Dat de organisatie van de (gebiedsgebonden) teams niet in alle parketten op dezelfde wijze is ingericht, is logisch: de schaalgrootte van het parket, de problematiek in de omgeving (bijvoorbeeld stedelijk of platteland), de aard van de zaken (bulk, specialisme) en procesgang (voorgeleidingen, internationale rechtshulp, megazaken) en de organisatie van de politie zijn vaak bepalend voor de keuze. De organisatieprincipes zijn wel voor alle parketten hetzelfde. Naar verwachting zullen alle parketten in het voorjaar van 1999 hun «ITP-formatieplan», waarin deze principes als gebiedsgebonden werken, teamvorming en platte organisatie met integraal management zijn verwerkt, gereed hebben. Een aantal parketten werkt al volgens dit ITP-model en is gaandeweg de organisatie aan het nuanceren, onder meer door samenwerkingsverbanden met andere parketten aan te gaan om bijvoorbeeld de kwetsbaarheid van kleine werkeenheden en van specialismen het hoofd te bieden.
Tegelijkertijd dient het openbaar ministerie te zorgen voor een goede zorg op specialistische terreinen.

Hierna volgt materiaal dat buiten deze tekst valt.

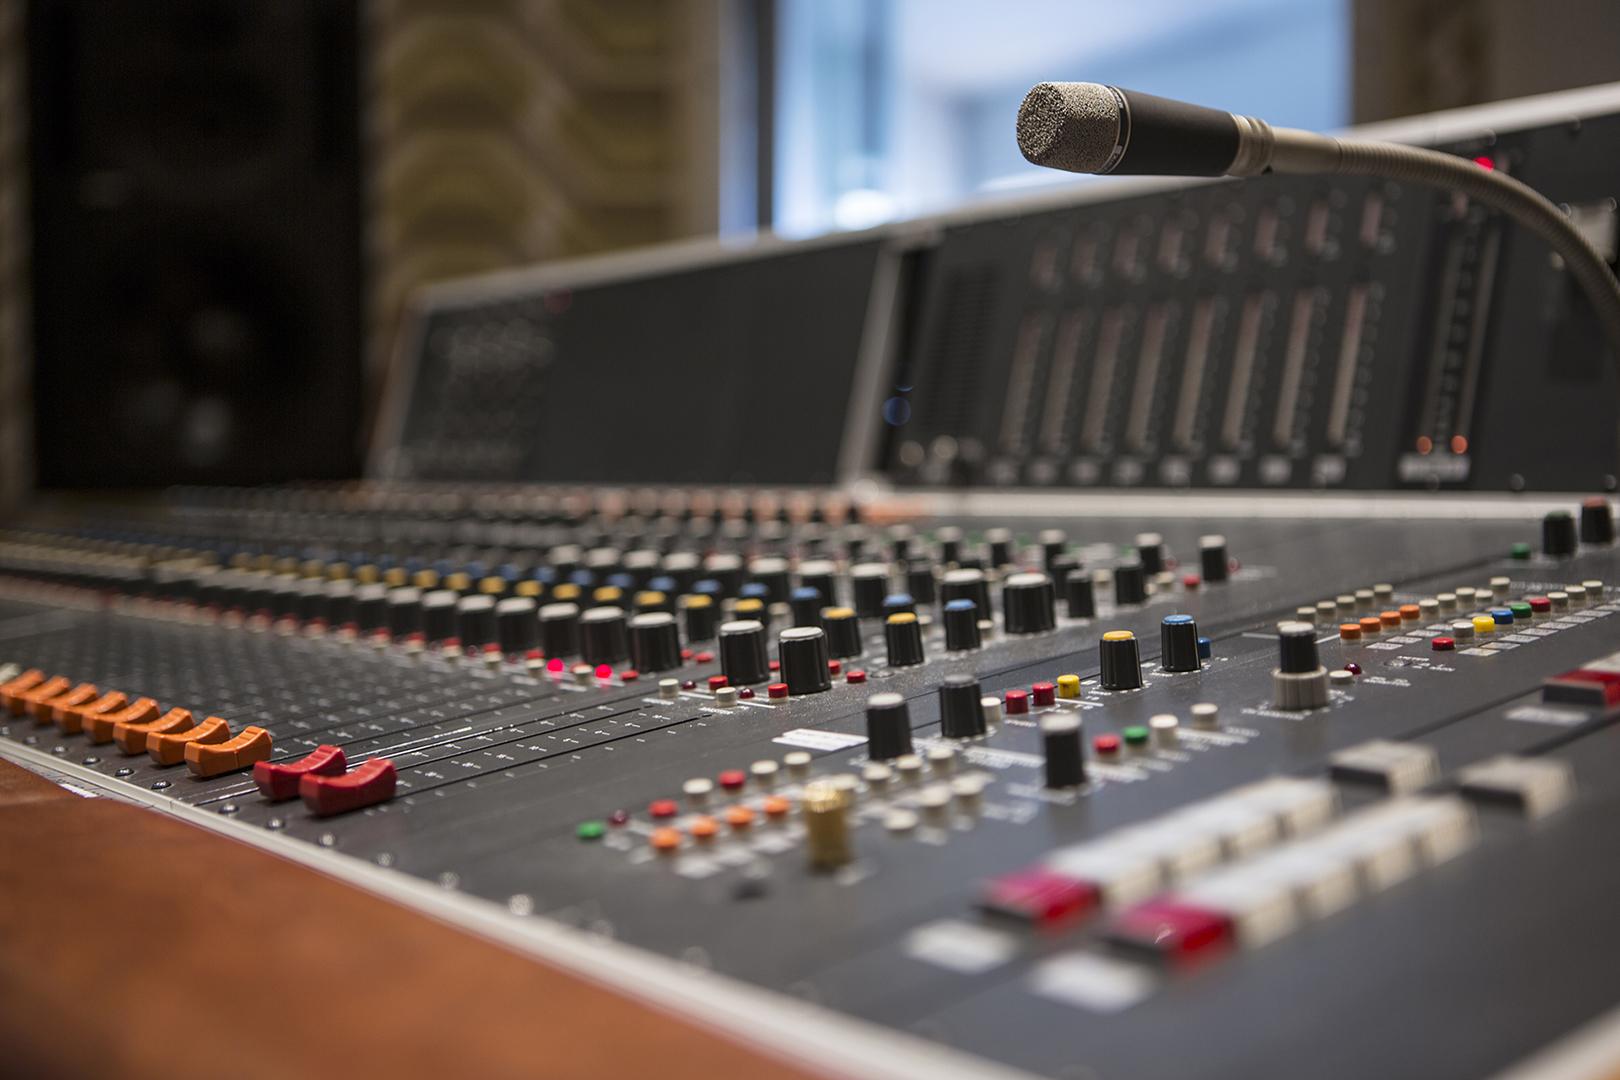 mixen op de analoge console of digitaal

Voor een belangrijk deel is daartoe bij het arrondissementsparket een team «bijzondere zaken» gevormd, naast de gebiedsgebonden teams. Dit is niet altijd voldoende: bij sommige onderwerpen kan de kwaliteit van en de continuïteit in de zorg alleen worden gewaarborgd met geconcentreerde voorzieningen.

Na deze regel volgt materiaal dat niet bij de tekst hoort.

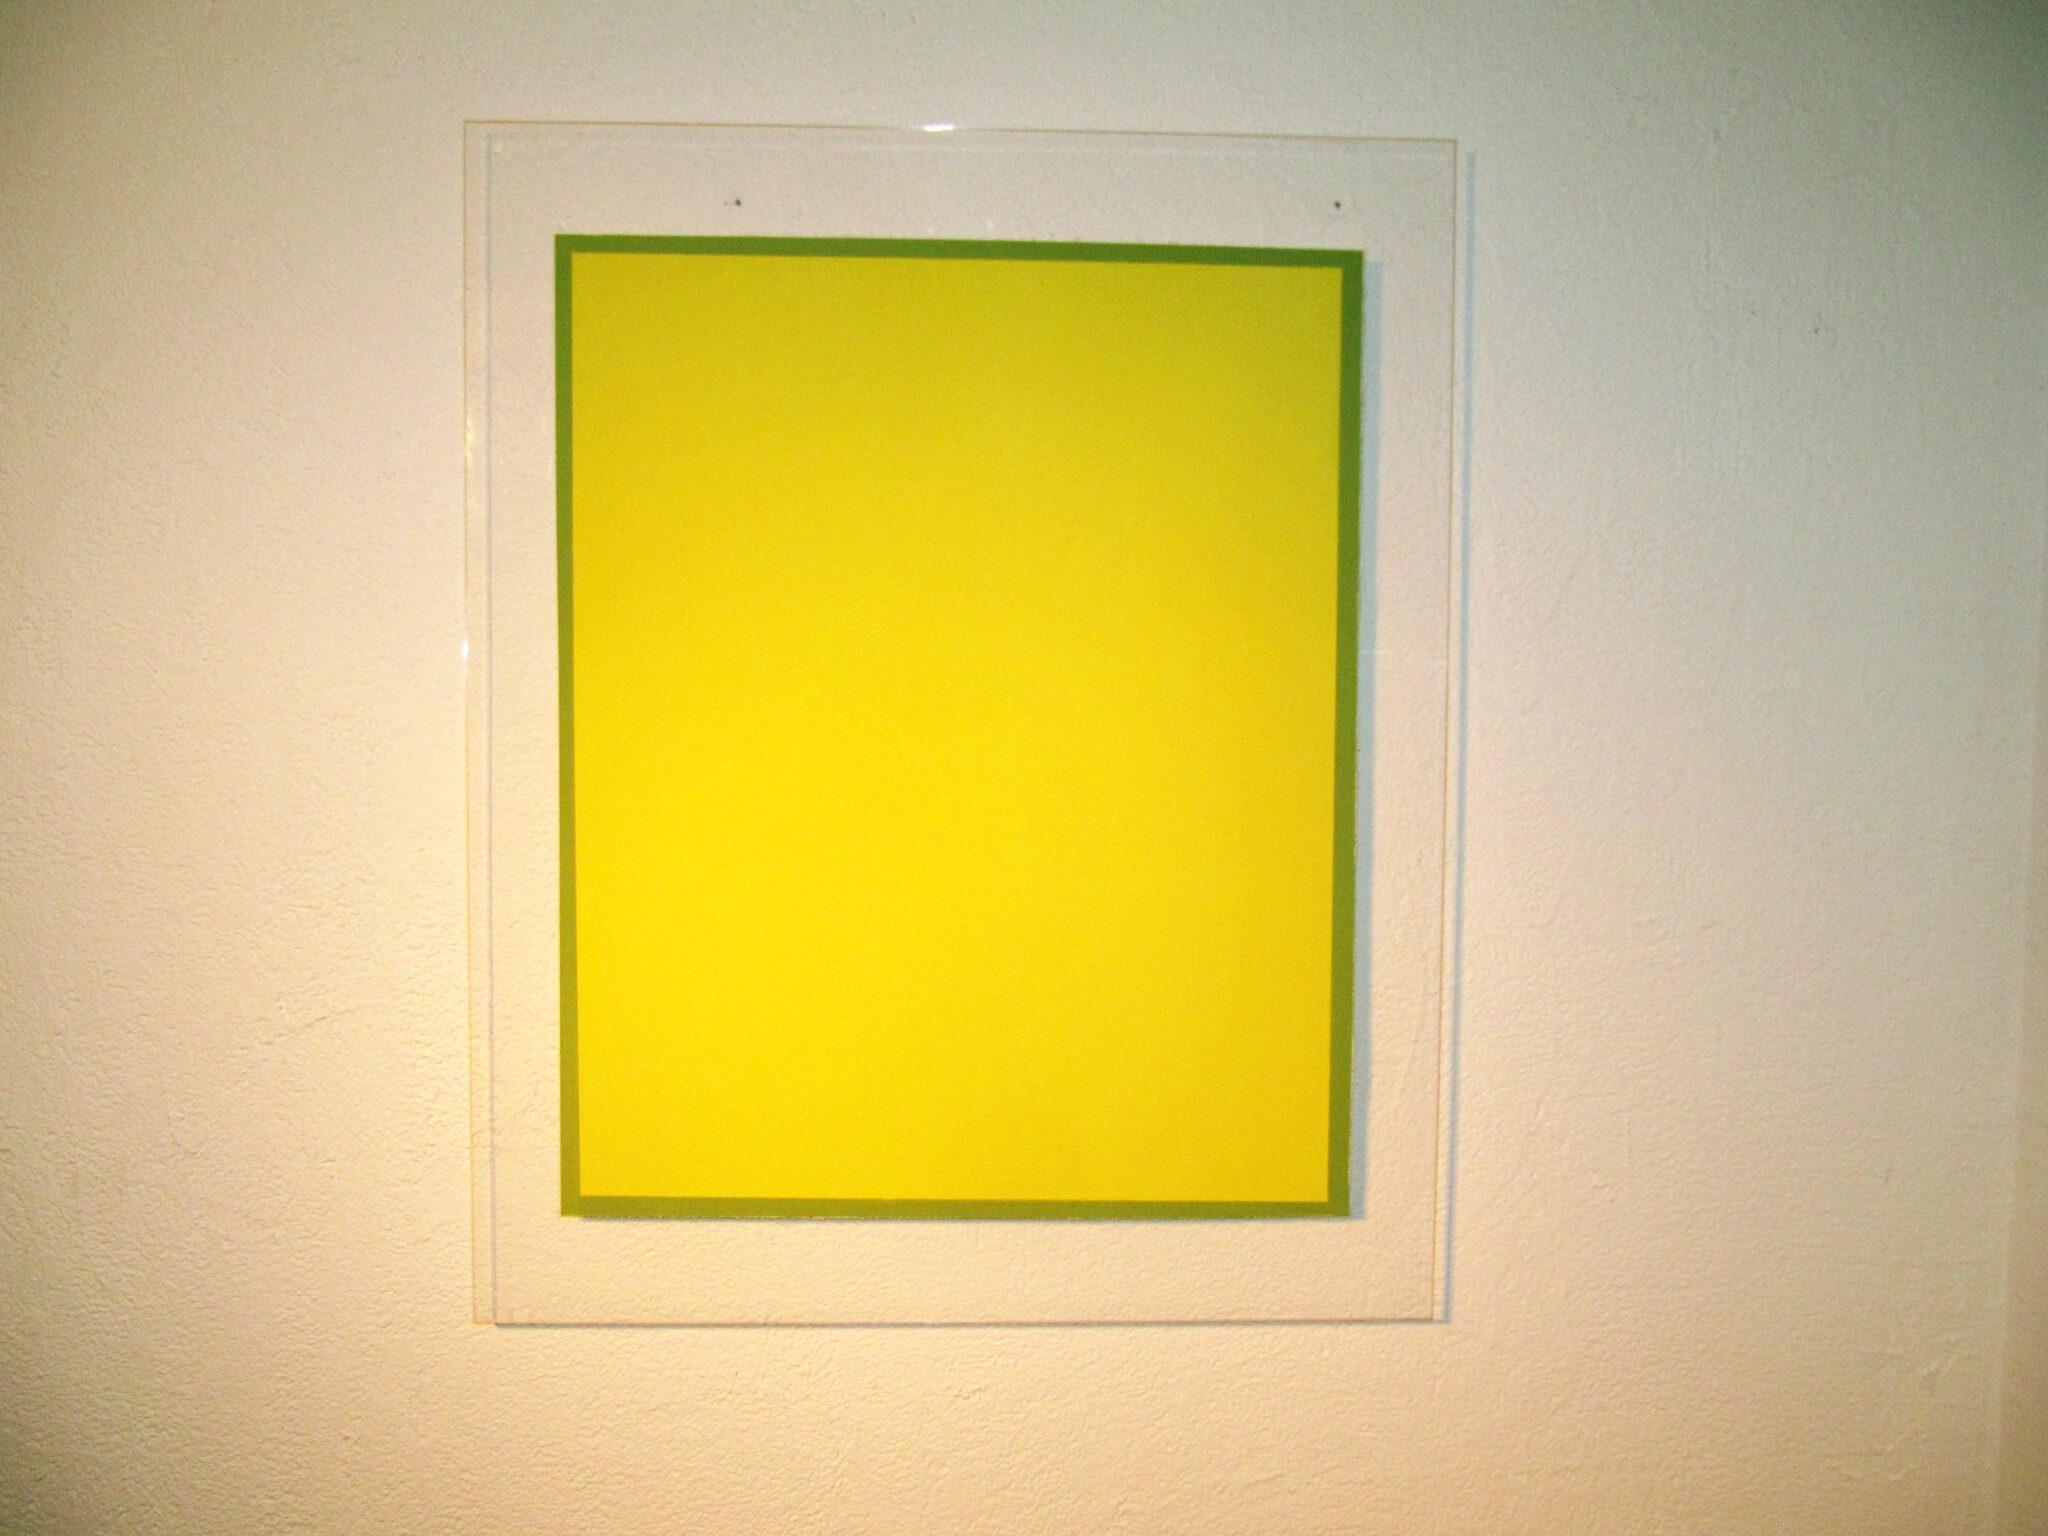 radical painting - gelb-blau, 2011 /pigmente auf plexi

Ten behoeve van de bestrijding van de georganiseerde misdaad is een 20ste parket, het landelijk parket ingericht. Hier wordt kennis gebundeld over de (ontwikkeling) van die misdaad, en vindt prioriteitenstelling plaats ten aanzien van onderzoeken door kernteams.
Voor de bestrijding van fraude waarbij burgers of bedrijven slachtoffer zijn (horizontale fraude) hebben 18 regiokorpsen en 14 parketten de krachten gebundeld in vier interregionale fraudeteams. Elk fraudeteam onderzoekt in beginsel alle zaken die binnen de geografische grenzen van het eigen team vallen. Daarnaast ontwikkelt ieder team een specialisme, zoals faillissementsfraude, bancaire- en beursfraude, assurantiefraude en merken fraude. In 1999 zal een intensivering en verbreding van de fraudebestrijding plaats vinden.
Binnen het OM wordt schaarse kennis ook gebundeld op de terreinen milieu en economie. Er zijn voorbereidingen getroffen voor het opzetten van vier milieu- en vijf economie expertisecentra. Hier zijn de eerste samenwerkingsovereenkomsten tussen parketten gesloten.
Teneinde gezamenlijkheid te waarborgen, kent het openbaar ministerie een stelsel van overlegorganen: commissies (en werkgroepen) die zich op specifieke terreinen van rechtshandhaving richten, waarin steeds verschillende parketten deelnemen (en niet zelden ook mensen van buiten het OM). Het gaat daarbij om onderwerpen die een continue zorg vragen, zoals de handhaving van milieu-, economische en verkeerswetgeving. Daarnaast zijn er commissies die de zorg hebben voor het aanbrengen van een verandering in de handhavingspraktijk, zoals bij de invoering van het drugsbeleid, het slachtofferbeleid, maatregelen tegen de jeugdcriminaliteit of computercriminaliteit.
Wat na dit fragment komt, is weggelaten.